Смерть друга, с которым он совершил путешествие, действительно потрясла Кузмина. Он твердо решил полностью изменить жизнь, навести в ней порядок. Он жестко регламентировал занятия, пищу, чтение, но хватило его терпения не надолго. Скоро он вновь уехал в Италию. "Рим меня опьянил; тут я увлекся lift-boy'ем Луиджино, которого увез из Рима с согласия его родителей во Флоренцию, чтобы потом он ехал в Россию в качестве слуги. Я очень стеснялся в деньгах, тратя их без счета. Я был очень весел, и все неоплатоники влияли только тем, что я себя считал чем-то демоническим. Мама в отчаянии обратилась к Чичерину (находившемуся в то время в Германии). Тот неожиданно приехал во Флоренцию, Луиджино мне уже поднадоел, и я охотно дал себя спасти. Юша (Чичерин) свел меня с каноником Mori, иезуитом, сначала взявшим меня в свои руки, а потом и переселившим совсем к себе, занявшись моим обращением. Луиджино мы отправили в Рим, все письма диктовал мне Mori. Я не обманывал его, отдавшись сам убаюкивающему католицизму, но форменно я говорил, как бы я хотел "быть" католиком, но не "стать". Я бродил по церквам, по его знакомым, к его любовнице, маркизе Espinosi Morodi в именье, читал жития святых великомучеников, и был готов сделаться духовным и монахом. Но письма мамы, поворот души, солнце, вдруг утром особенно замеченное мною однажды, возобновившиеся припадки истерии, заставили меня попросить маму вытребовать меня телеграммой. Мы простились с каноником со слезами, обещая друг другу скорое свидание..."
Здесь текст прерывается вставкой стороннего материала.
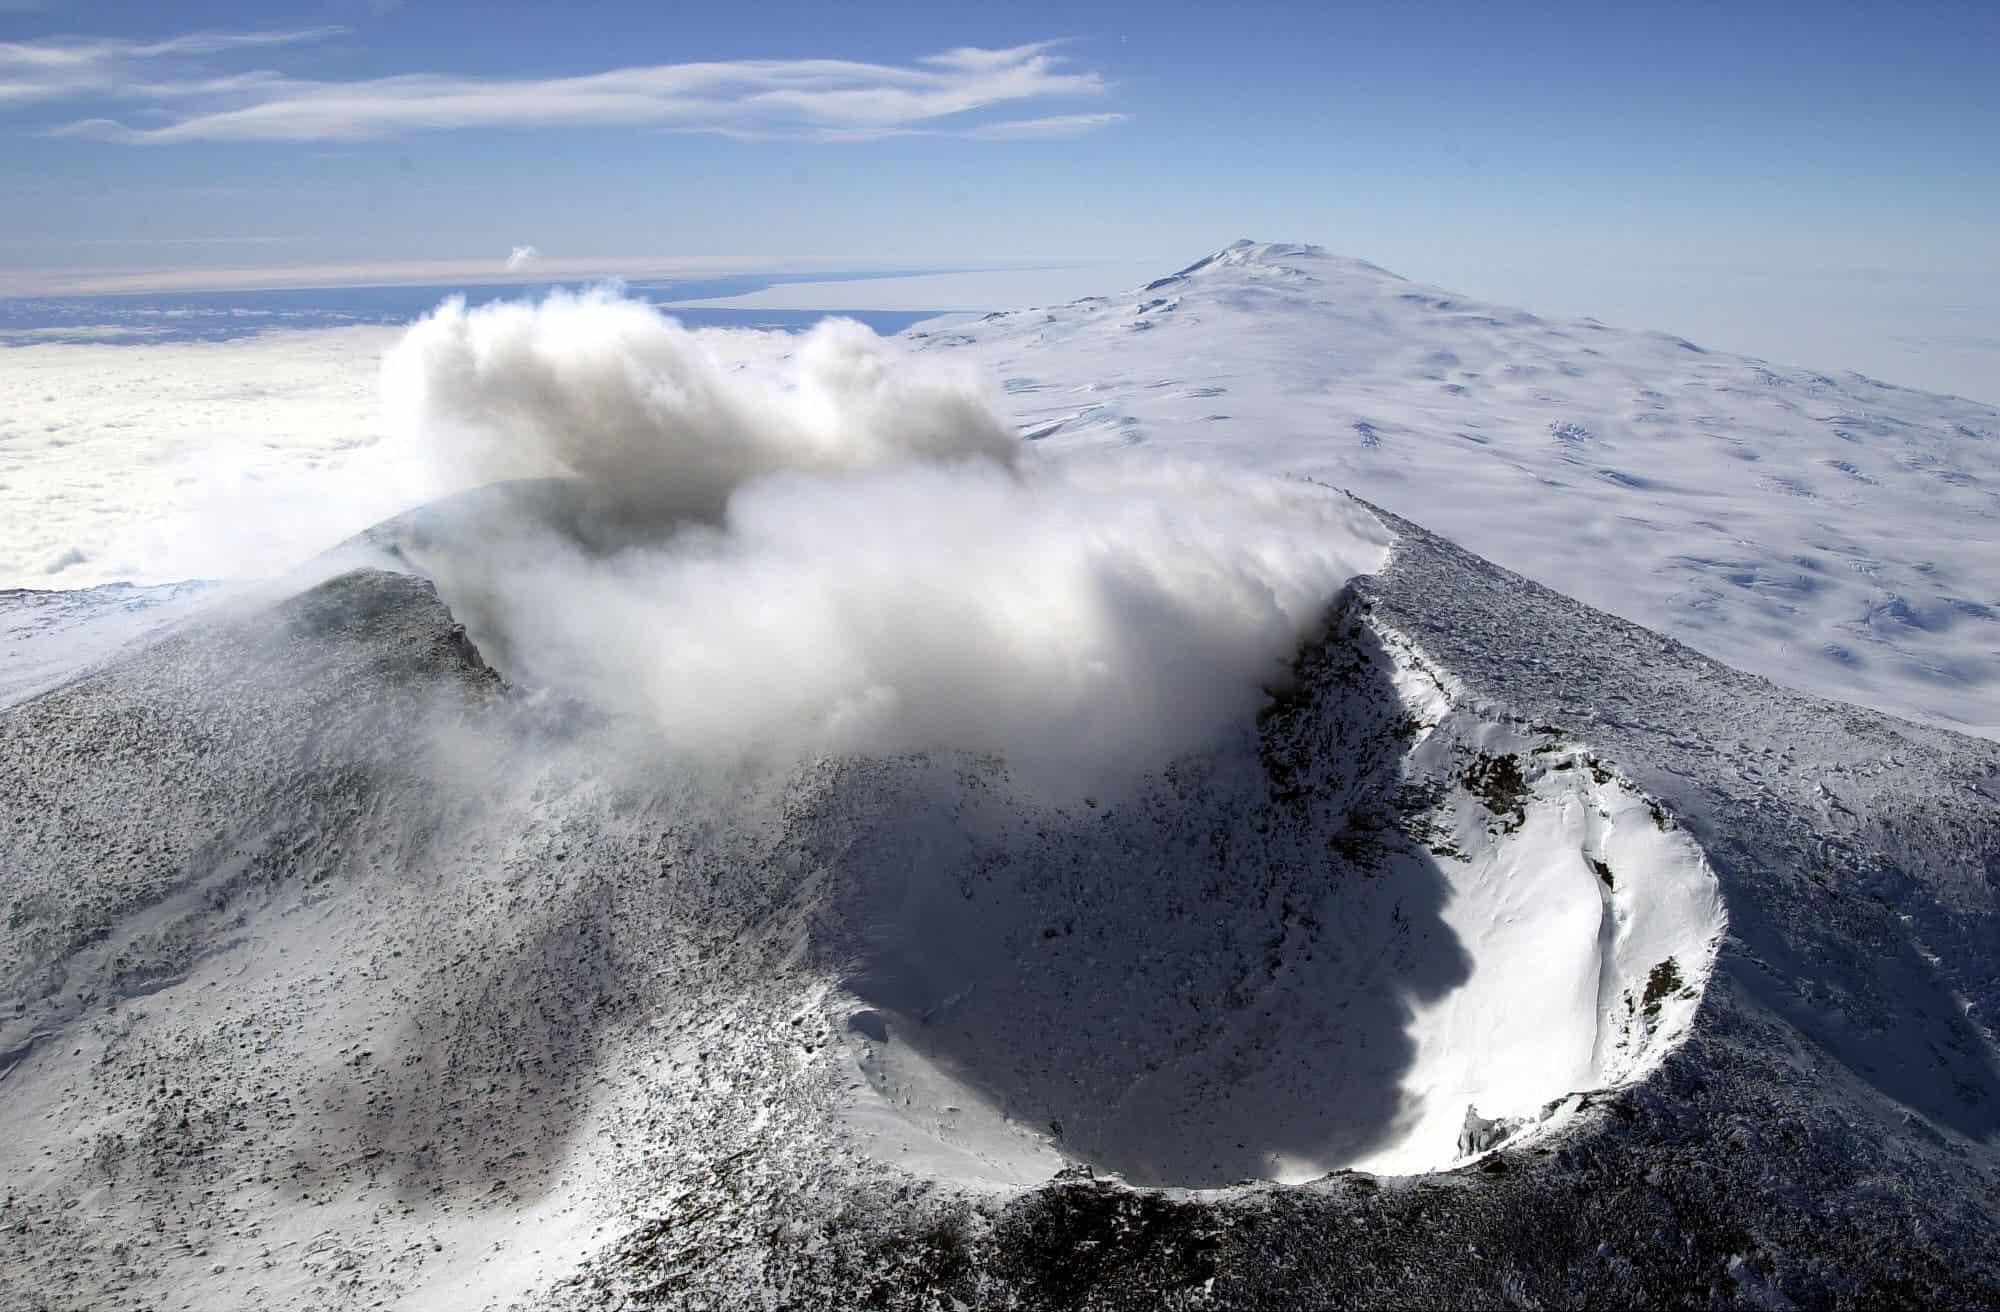 Scientists uncover 91 volcanoes under Antarctica ice

В Петербурге, "войдя глубоко в русское, я увлекся расколом и навсегда охладел к официальному православию. Войти в раскол я не хотел, а не входя не мог пользоваться службами и всем аппаратом так, как бы я хотел. В это время я познакомился с продавцом древностей Казаковым, старообрядцем моих лет, плутоватым, вечно строящим планы, бестолковым и непостоянным. Я стал изучать крюки, познакомился со Смоленским, старался держаться как начетчик и гордился, когда меня принимали за старовера..." Каждое лето Кузмин проводил теперь в провинциальных городках или в деревнях на Волге. "Удивила его тогдашняя внешность, - вспоминал художник М. Добужинский. - Он носил синюю поддевку и, своей смуглостью, черной бородой и слишком большими глазами, подстриженный "в скобку", походил на цыгана. Потом он эту внешность изменил (и не к лучшему - побрился и стал носить франтовские жилеты и галстуки). Его прошлое окружала странная таинственность говорили, что он не то жил одно время в каком-то скиту, не то был сидельцем в раскольничьей лавке, но что по происхождению был полуфранцуз и много странствовал по Италии..."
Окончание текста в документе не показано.